Hey Brent! It is allways about cheese isn't it? No it pertains to a rather bad buffet dining experience we had at the Hill City Cafe the evening before. We think it made the grade of the climb harder. By the way - thanks for the drive to Spearfish Brent. I owe you those CD I keep saying I am going to send your way- BURT
Feb 20, 2004

I just did this route "all you can eat" and I must say that the climb was good, but I am still hungry. I thought 5.10c was a fine grade for the climb. Whoever put this route up must like cheap food and bolts, whats up with button heads?They could have just saved a bunch of money and use some nuts and cams down low. After all they call for nuts on the same type of terrain up high.I thought the clipping stances were well thought out and the anchor in good shape. Overall a well produced product.Way to open your eyes, see something and do it. Yo Brent did you look at this line in 75 or 76?Just kidding broLove Curt
By Dave Rone
From: Eau Claire, Wis
Mar 8, 2004

We were still hungry too.
By randy baum
From: Minneapolis, MN
Jul 15, 2008

If after traversing ffrom the large hueco onto the crystals/knobs, you use the left arete, what's the grade?

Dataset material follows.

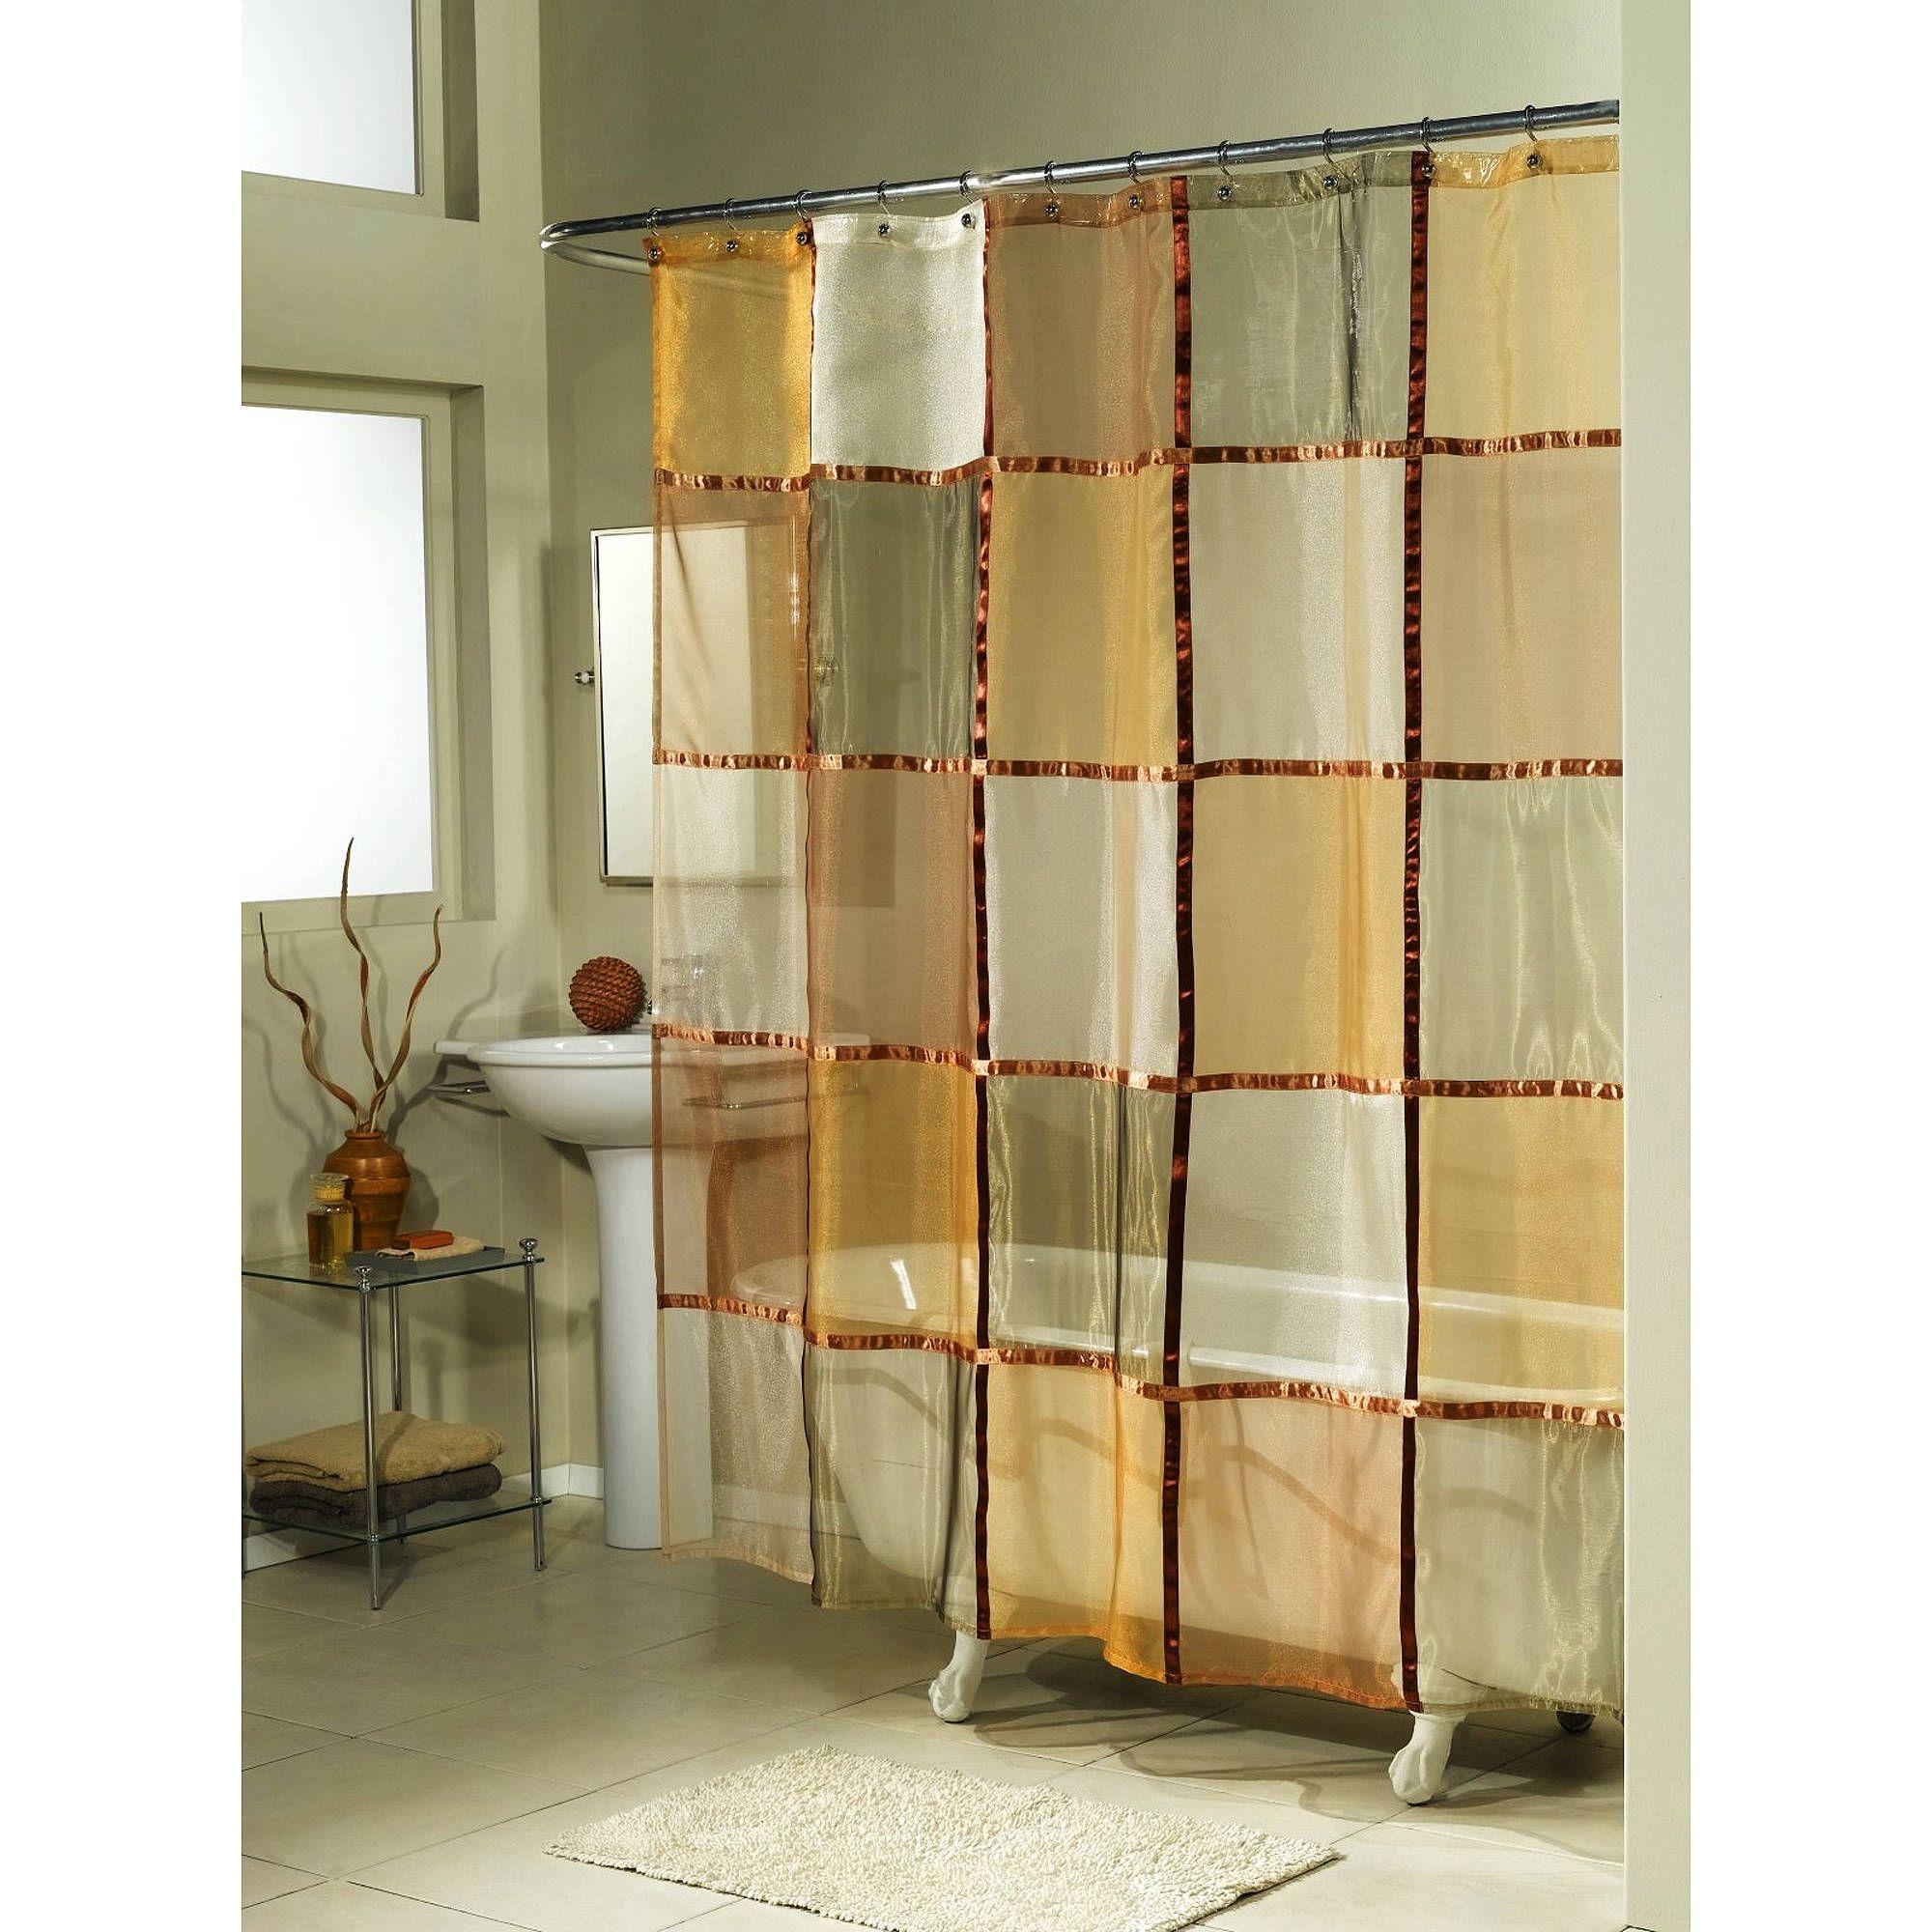 Copper Colored Shower Curtain Copper Colored Shower Curtain Ex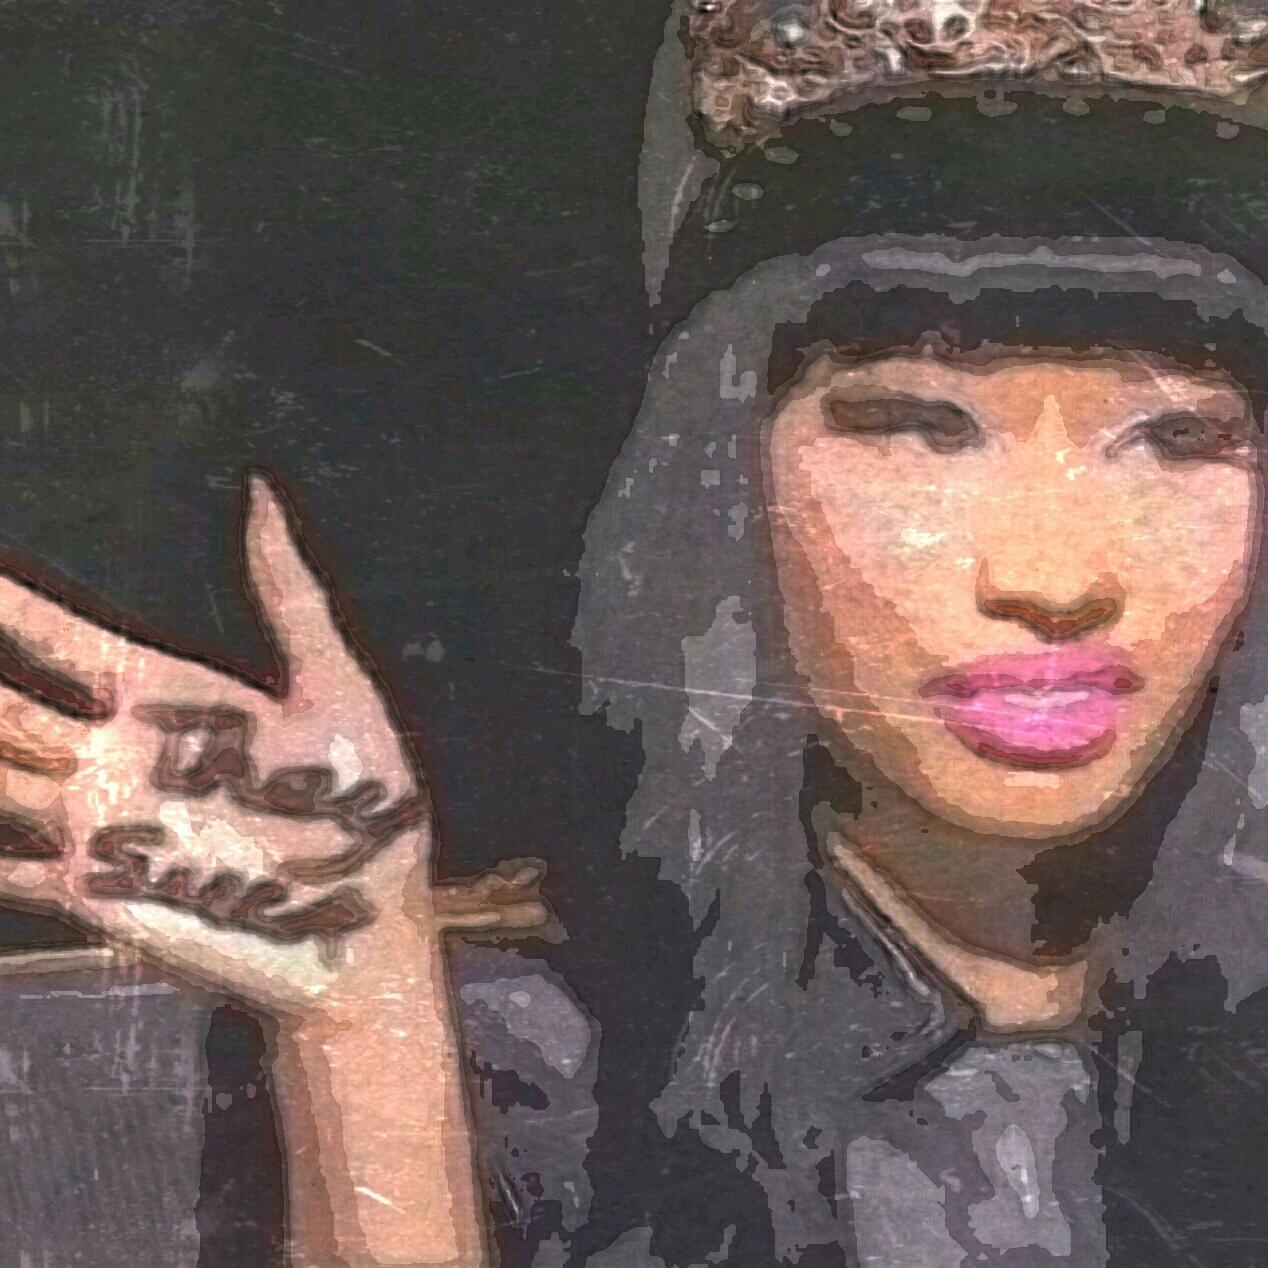 http://4.bp.blogspot.com/-4AV5JJmCbi0/USHN4PNN2hI/AAAAAAAAAdU/u-_LnznF4fk/s1600/American_Idol_Season12_they_suck_Nicki_Minaj.jpg

I thought 10a if using the arete. 10c if going straight up. Any thoughts?
Jul 22, 2015

Any long time locals climb this lately? We were not able to finish the route straight up after numerous attempts; had to go around the arete (easy moves). I'm curious if a key hold has broken off the crux, as the three quartz ledges weren't positive enough to get higher feet. The entire climb felt 5.9ish except for the short section between bolts 3&4, which we were unable to finish. I'm an aspiring 12 climber, so I figure something must have broken off. For reference, did nearby "Mr. Critical" (11b) yesterday and thought it was 11c/d, and also did Blue Mascara (also 10c) just to the right and thought it was 10d, so I respect that the grades here are a little stiff, but It's been more than 3 years since I found a 10anything I couldn't finish. Anyone want to comment on whether something broke off?

-John Sullivan
By Mitch P
May 22, 2017


I climbed this route about a year later than you in august of 2016, I am also about a 12 climber, although I have not done mr. crtical I have done static cling (5.10b/c) and blue mascara (10c) in that immediate area, I did fall once between between bolts 3&4, but I think I was able to find a small under cling or something to pull myself up high enough to clip the 4th bolt (I am rather tall so that may be an advantage). After that I don't remember much because it was all adrenaline, I didn't bring the #9 stopper to protect the last bit, so it was quite run out for such a small climb, I beleive I went out left to the arete. I hope this helps.